(Beginning of GIVEN INFORMATION)

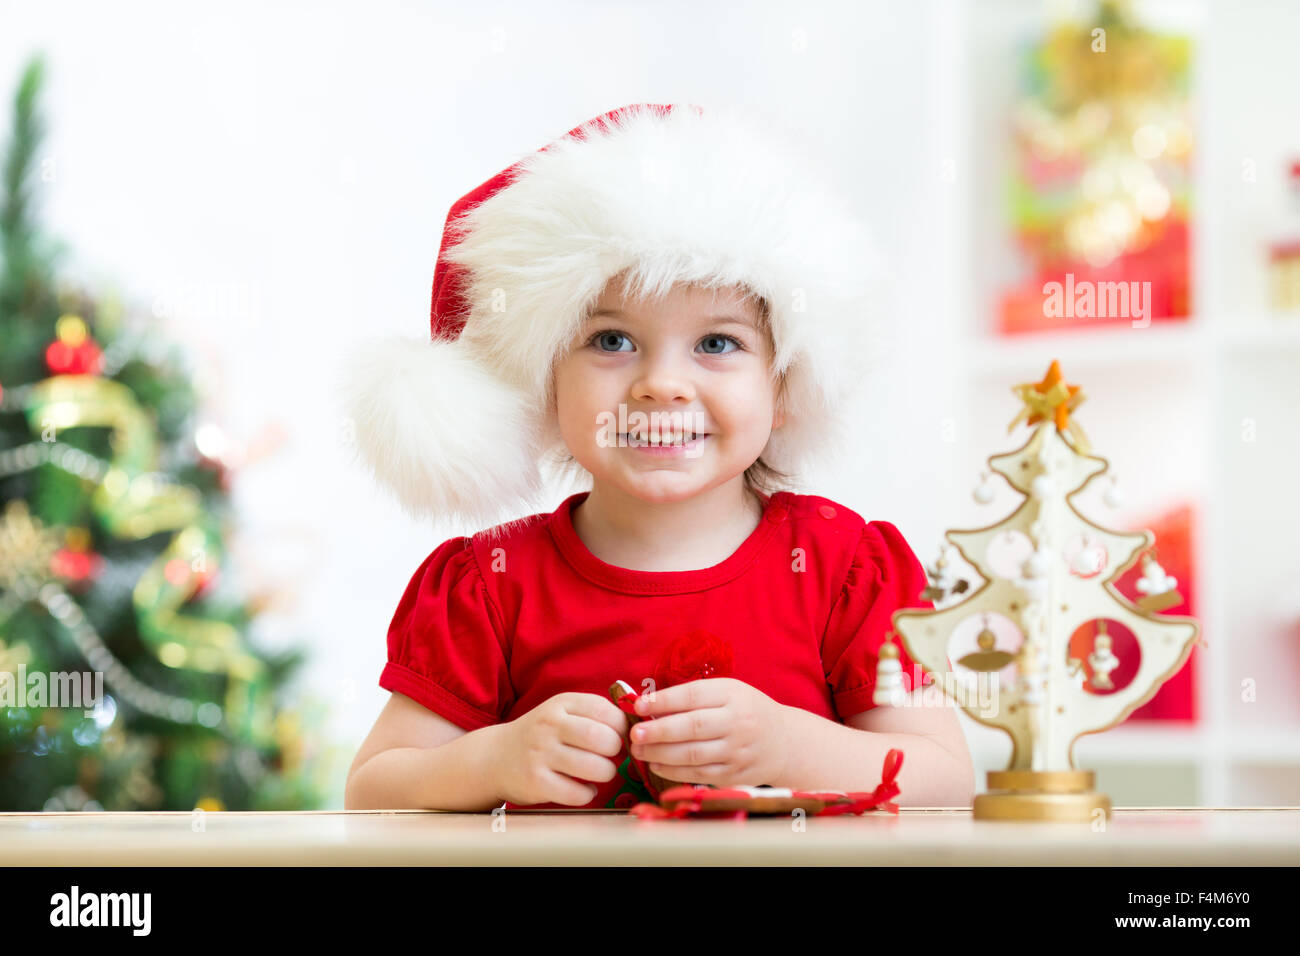 Pequeña niña vistiendo un gorro de Papá Noel rojo festivo con galletas de Navidad Foto de stock
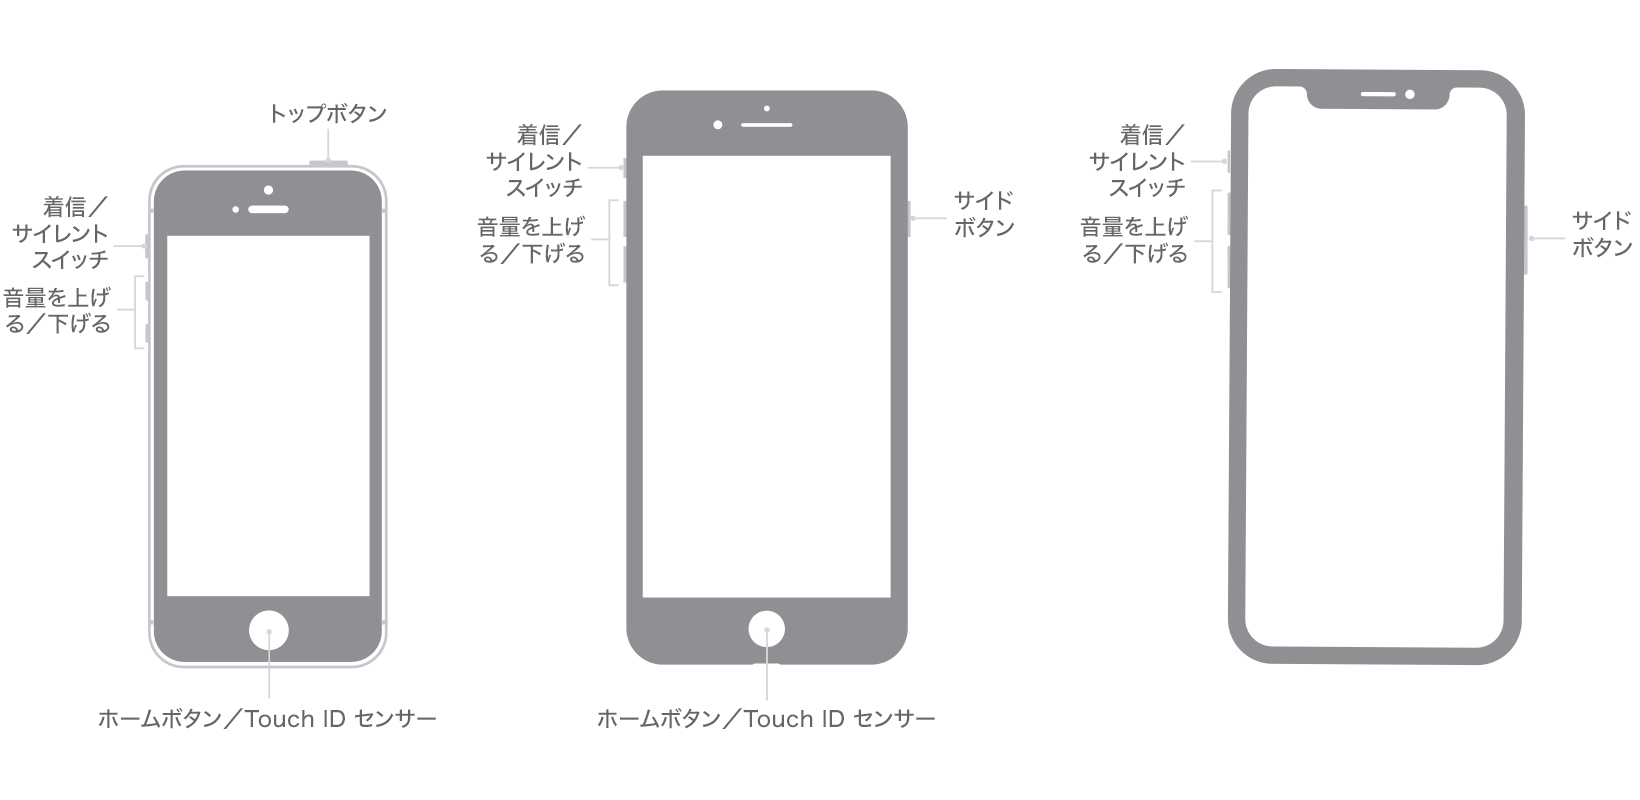 iPhone モデルのボタンの位置を示した画像
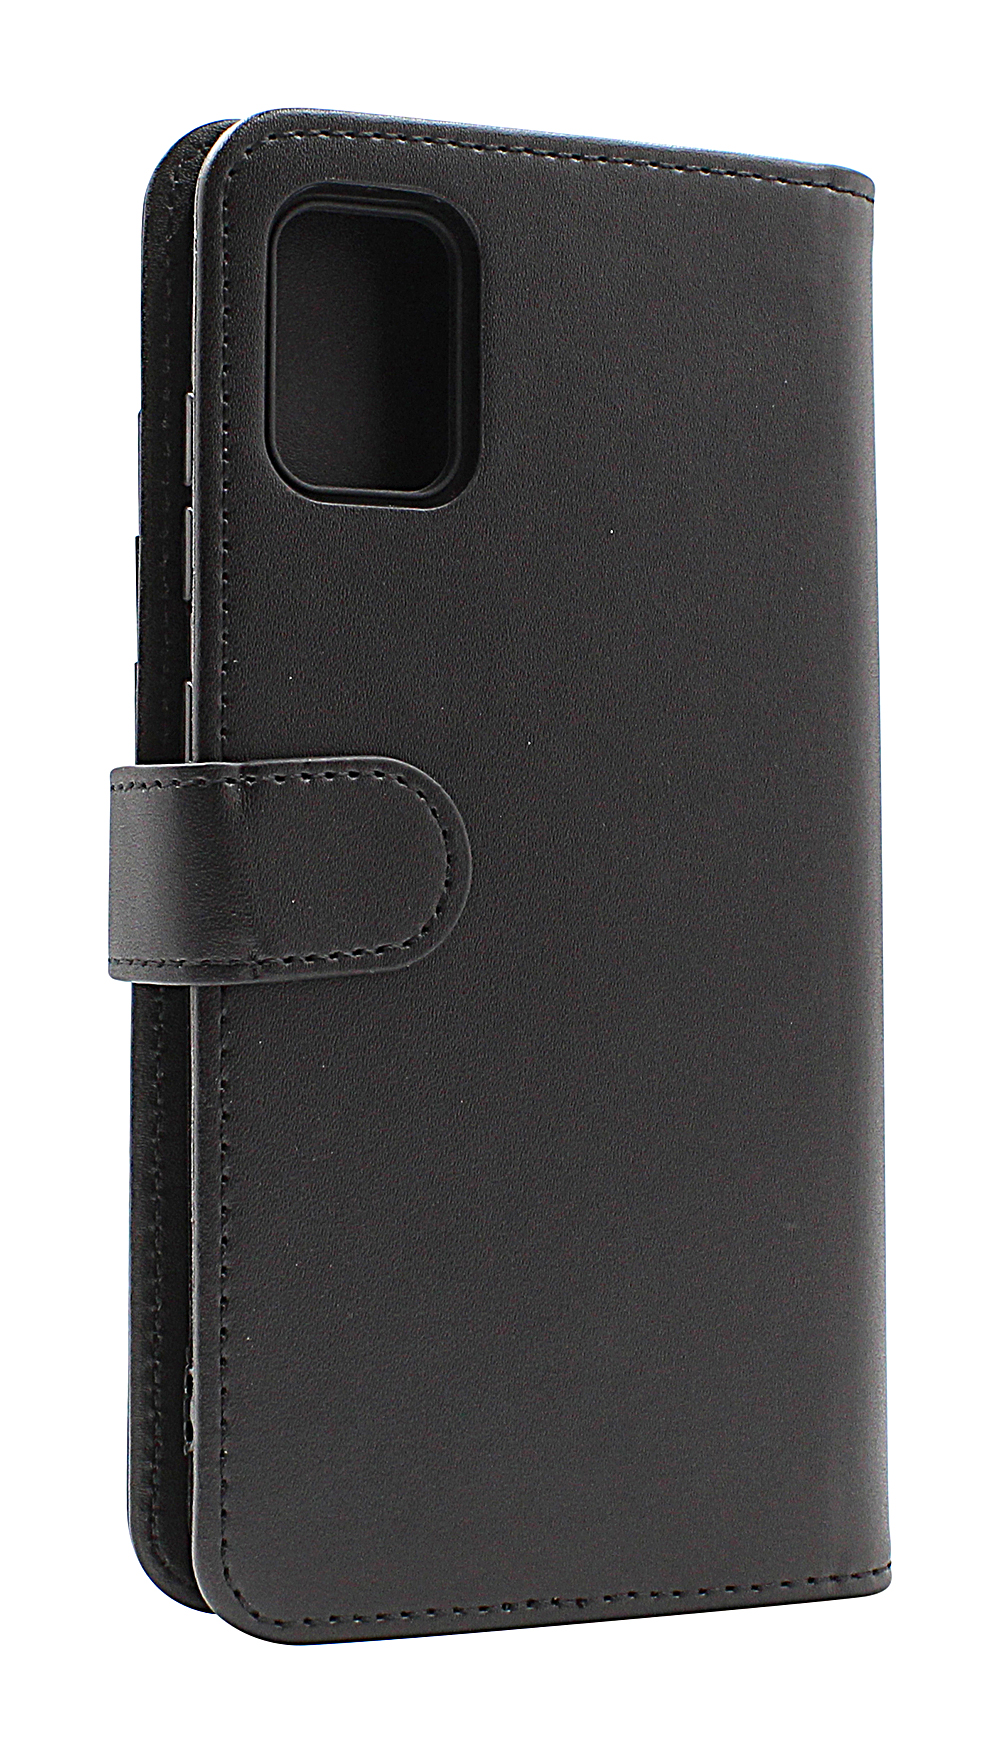 CoverInSkimblocker XL Wallet Samsung Galaxy A51 (A515F/DS)

(End of GIVEN INFORMATION)

Retype the data word for word and keep the pictures out of it.

 Pequeña niña vistiendo un gorro de Papá Noel rojo festivo con galletas de Navidad Foto de stock
 iPhone モデルのボタンの位置を示した画像
 CoverInSkimblocker XL Wallet Samsung Galaxy A51 (A515F/DS)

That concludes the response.